The Court endorsed the decision of the Court that had applied the precautionary measure of house arrest with electronic bracelet, after having annulled the contrary order of the Judge for Preliminary Investigations. The Gip, in fact, while recognising the existence of serious criminal evidence, had rejected the public prosecutor's request for the application of precautionary measures to the applicant and his family members.
The Reasons of the Supreme Court
.In the grounds of the judgement, the Supreme Court stated that the precautionary measure was ordered by the Court on the basis of the serious circumstantial picture and the existence of the danger ofrepetition of the offences and the danger of evidence pollution. The measure was justified because the action orchestrated by the family unit, together with the appellant's conduct, denoted the marked stubbornness and incapacity for self-control of the protagonists of the affair.

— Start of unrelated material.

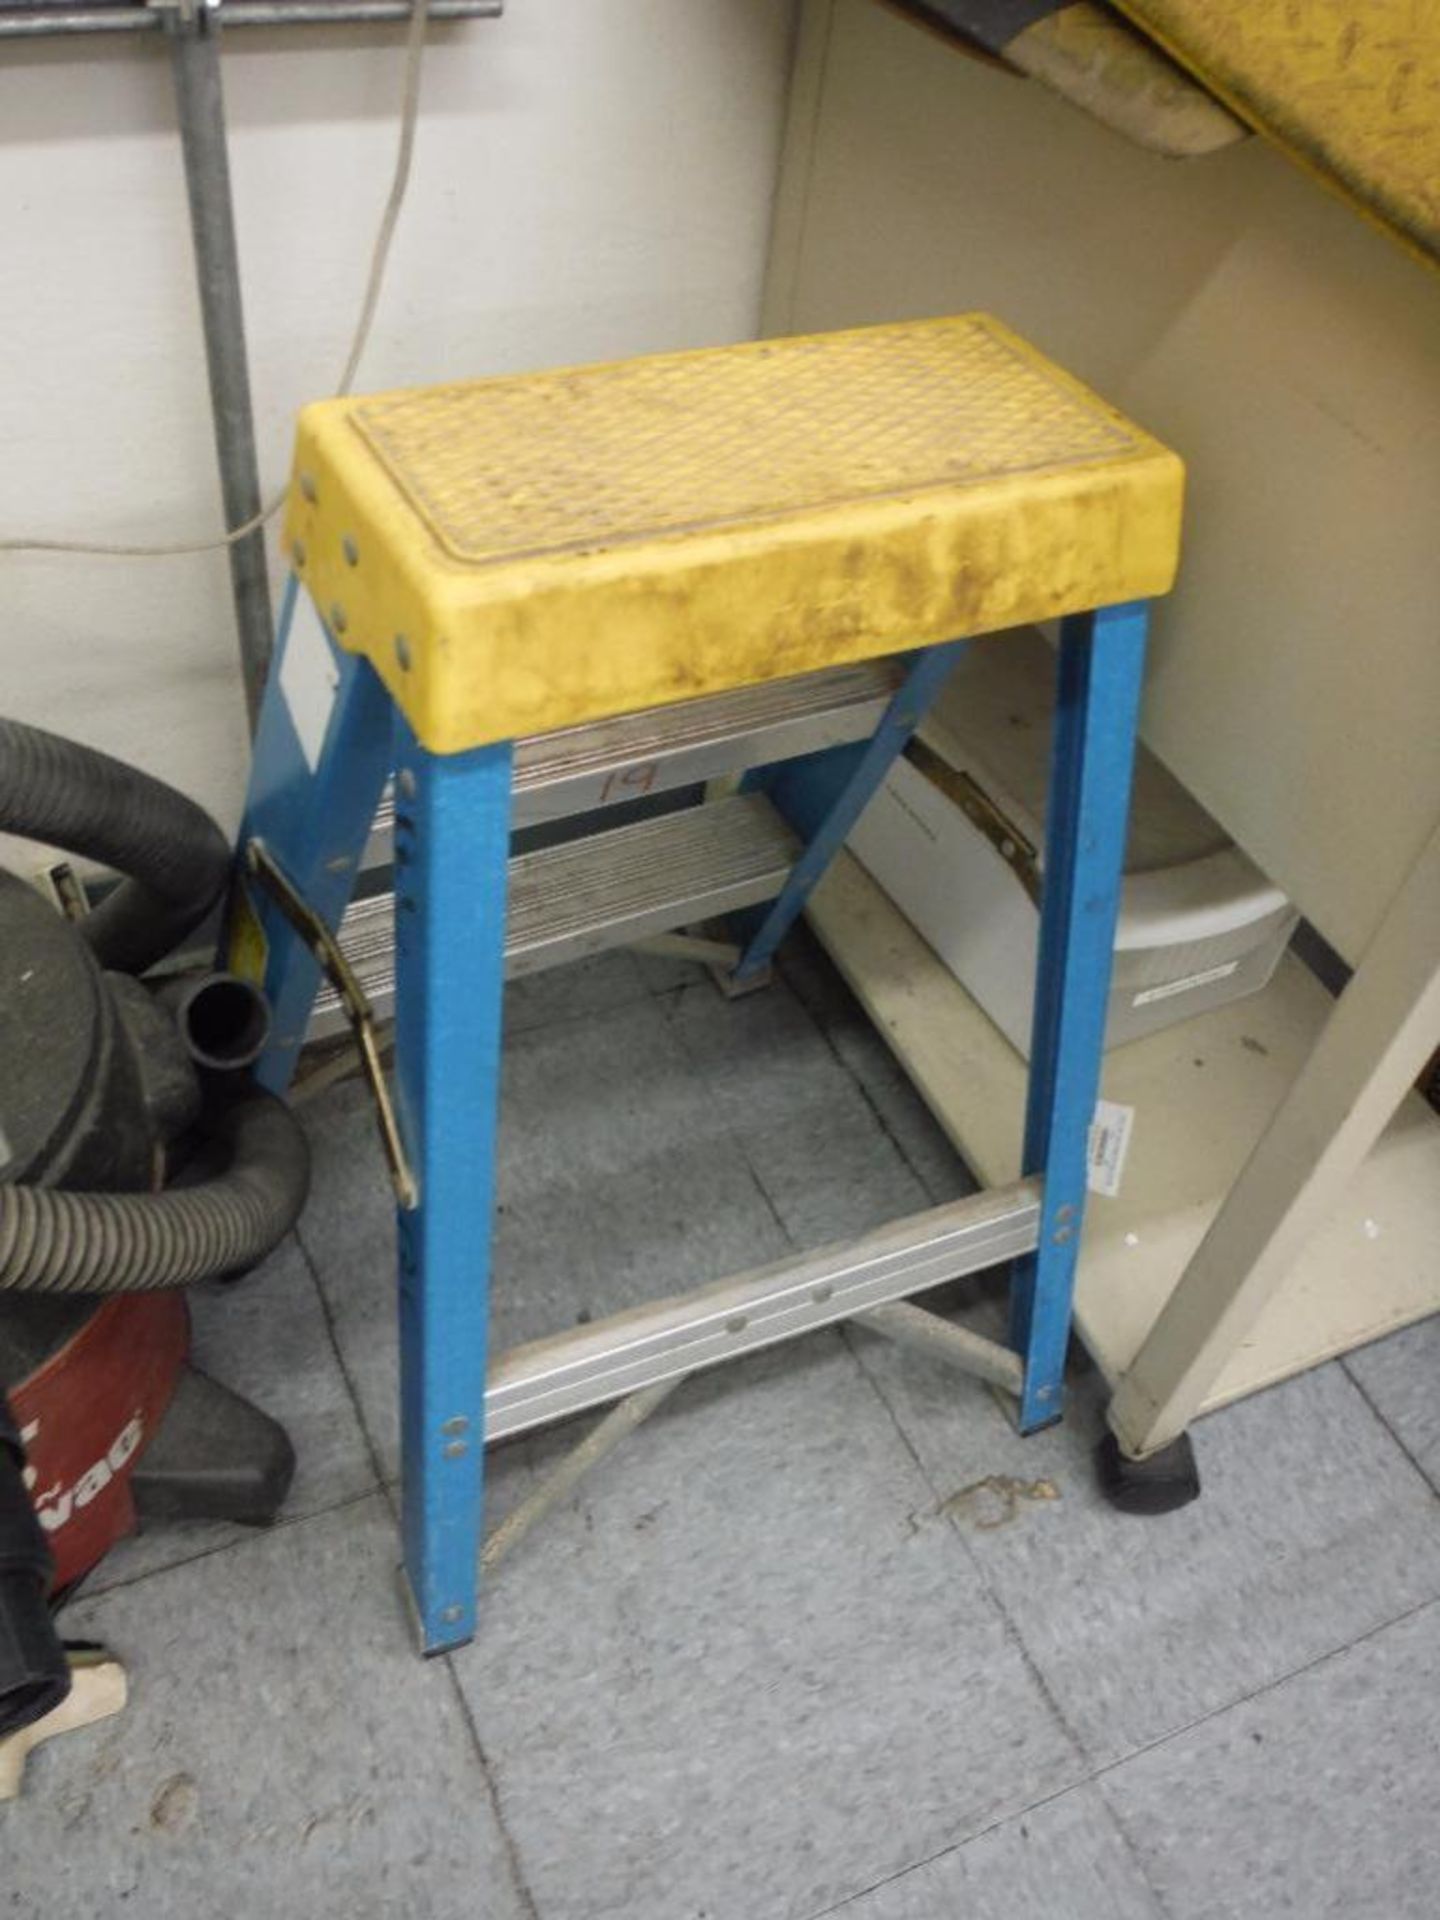 Shop-vac, fiberglass step stool, anti-fatigue mats ** Rigging Fee: $25 ** - Image 4 of 7

According to the Supreme Court, the Court had already highlighted in its decision how the attack had been 'prepared' by calling numerous people (at least 25), in itself a form of intimidation, and the appellant had 'distinguished himself in the beating, inciting the co-defendants to join the violence against the doctors', and had hit them several times, even on the head, with kicks and punches. Not only that, according to the Court of Cassation, the Court's decision focused on the dangerousness of all the suspects: for their previous criminal record, for their total disregard of the authority's prescriptions and orders, and for the fact that the presence of several uniformed police officers had not deterred their aggressive and intimidating actions.